■ RAW DATA ■
┌──

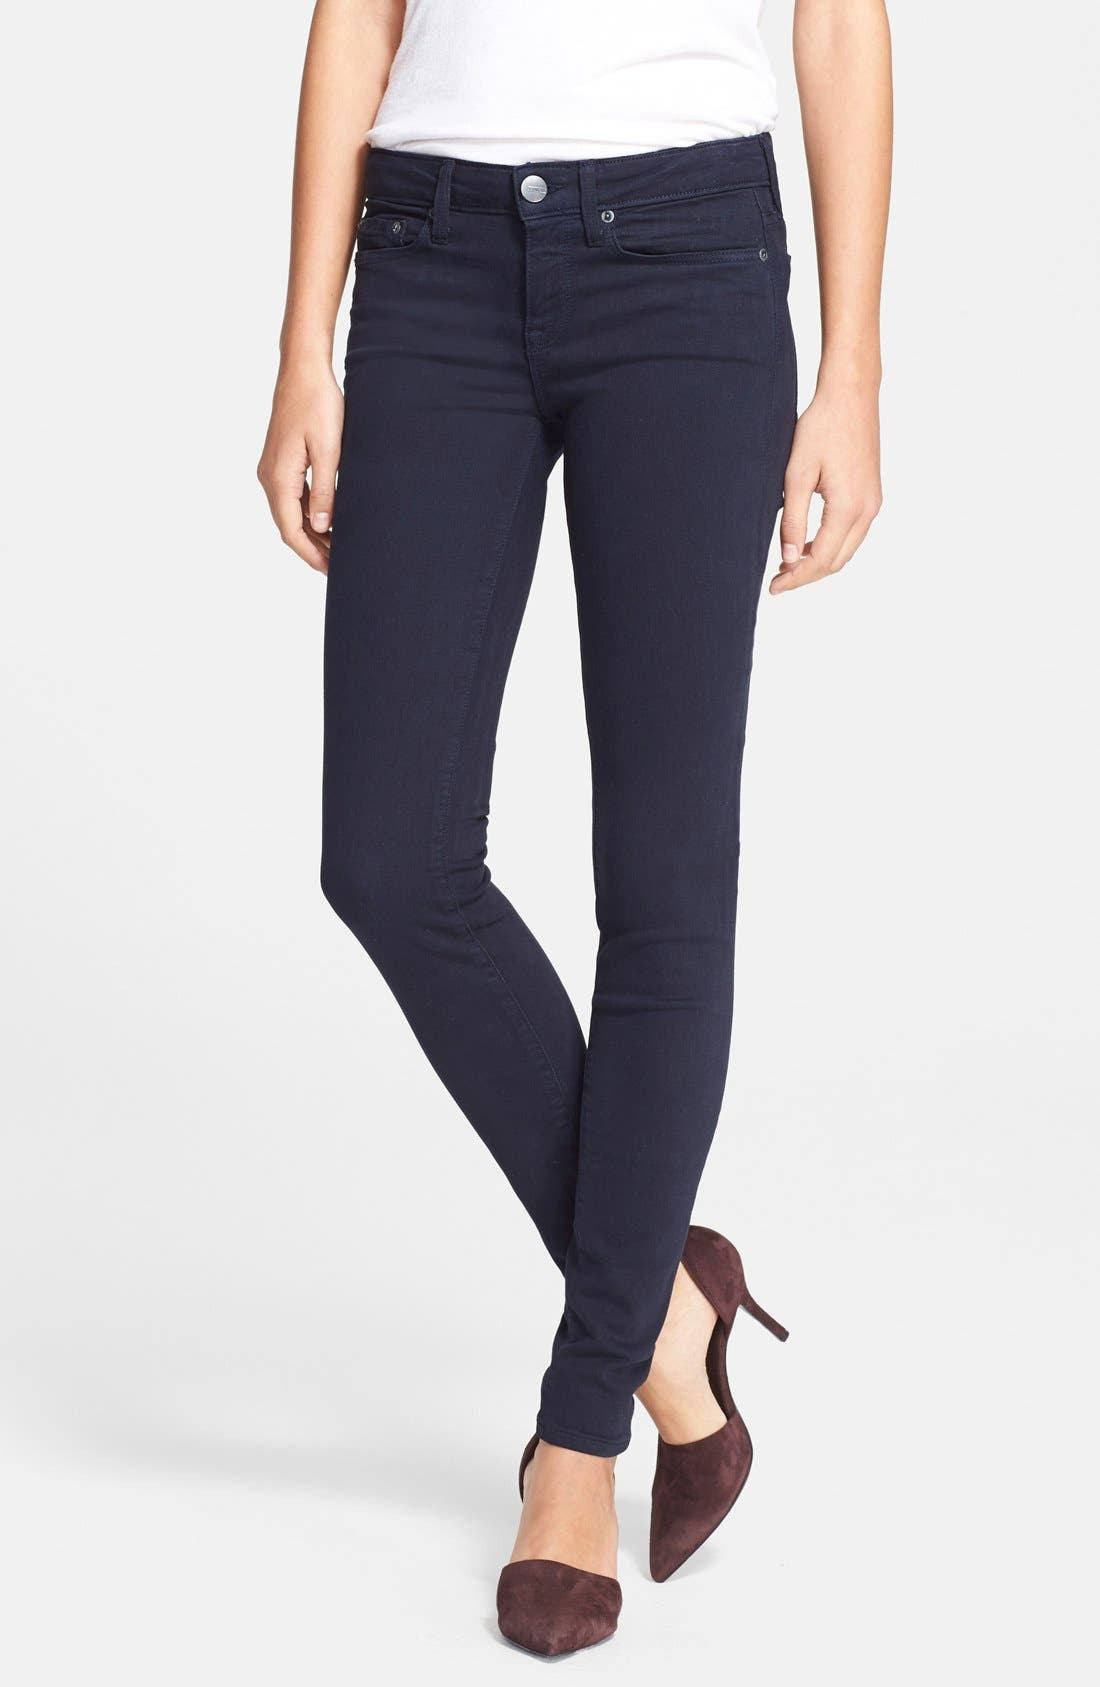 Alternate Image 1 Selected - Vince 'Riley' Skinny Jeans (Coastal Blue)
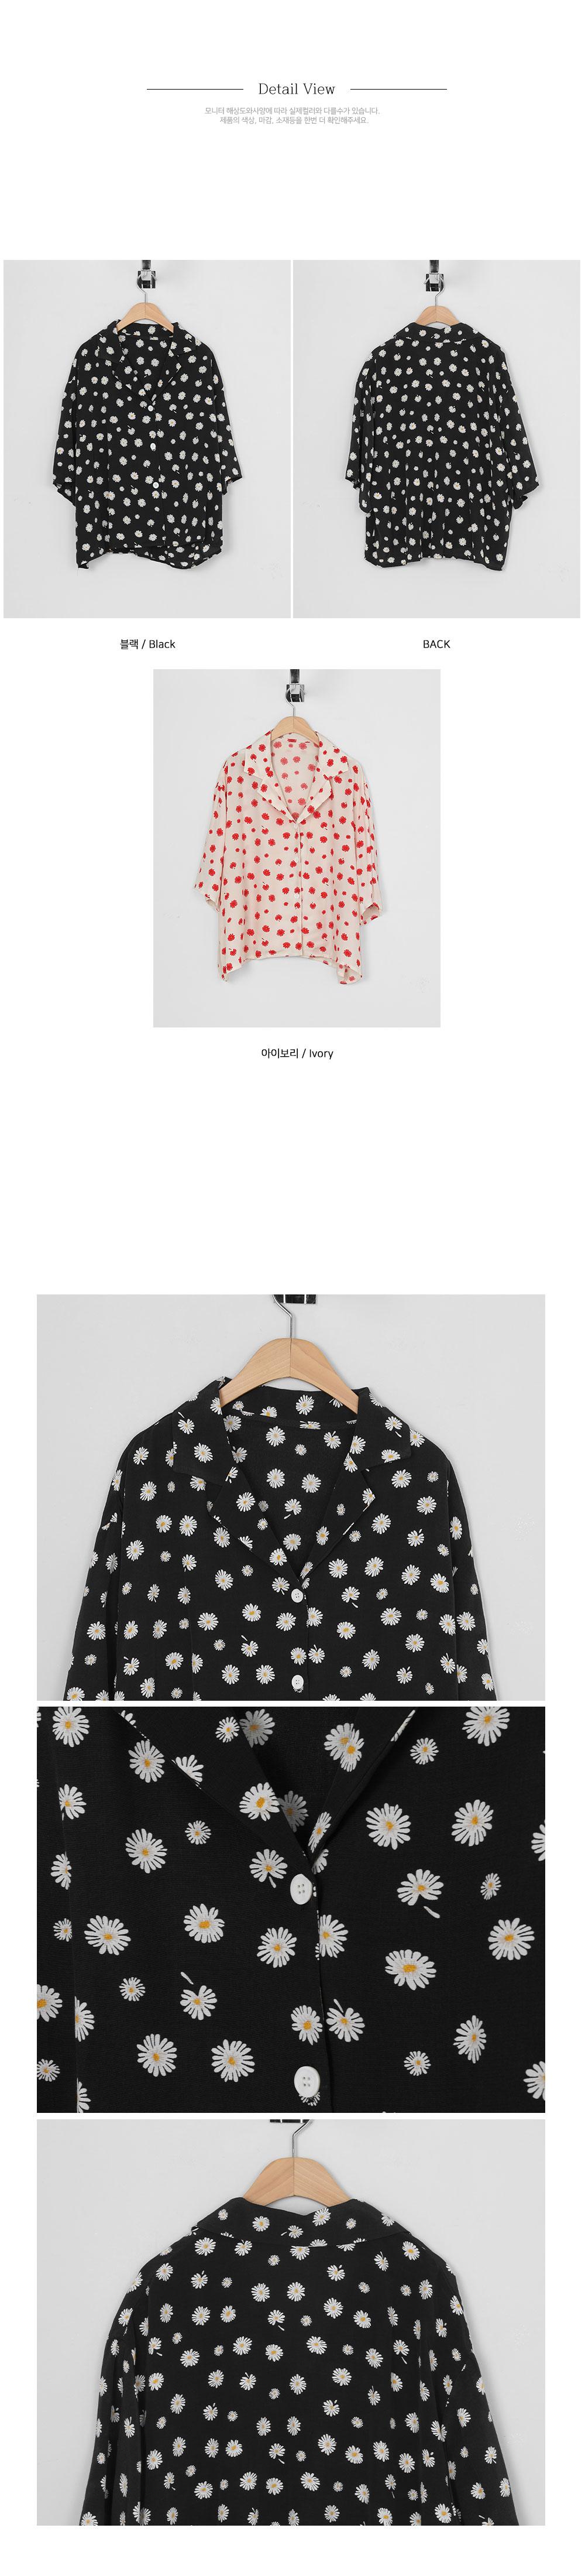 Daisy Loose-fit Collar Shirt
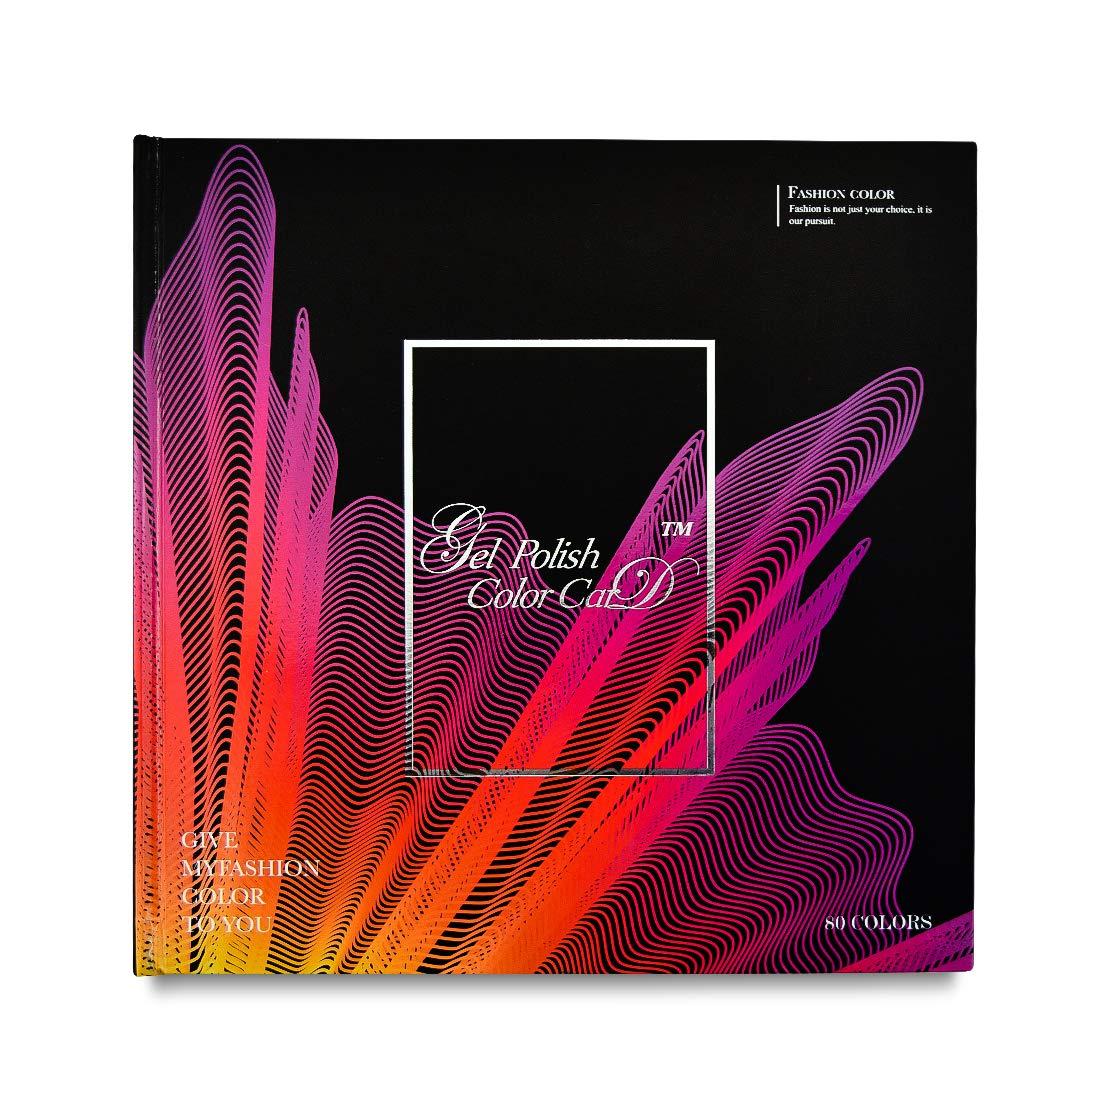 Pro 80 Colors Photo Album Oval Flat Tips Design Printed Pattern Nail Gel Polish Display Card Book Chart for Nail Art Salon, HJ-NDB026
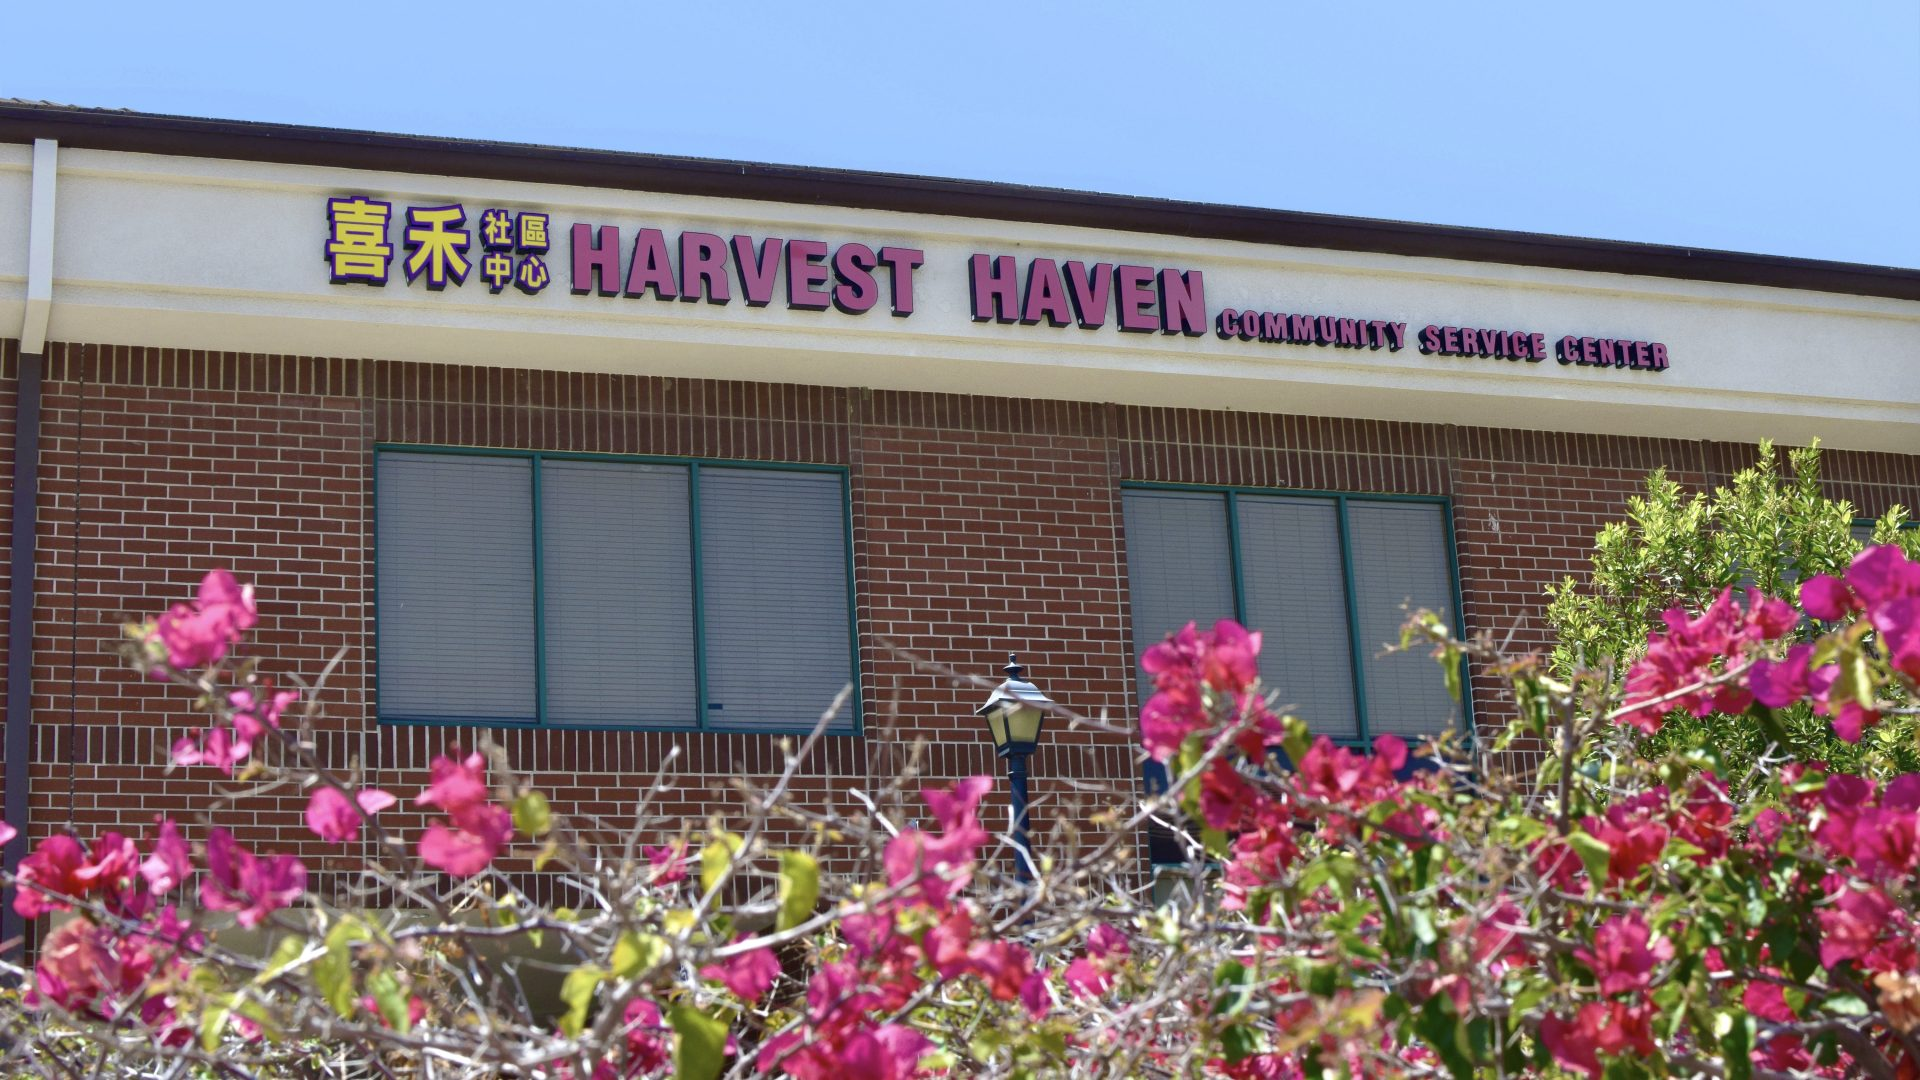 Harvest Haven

└──

■ REQUIRED ACTION ■
In transcribing the listing, keep each word as it is and drop the pictures.

■ SOLVED EXERCISE ■
 Alternate Image 1 Selected - Vince 'Riley' Skinny Jeans (Coastal Blue)
 Daisy Loose-fit Collar Shirt
 Pro 80 Colors Photo Album Oval Flat Tips Design Printed Pattern Nail Gel Polish Display Card Book Chart for Nail Art Salon, HJ-NDB026
 Harvest Haven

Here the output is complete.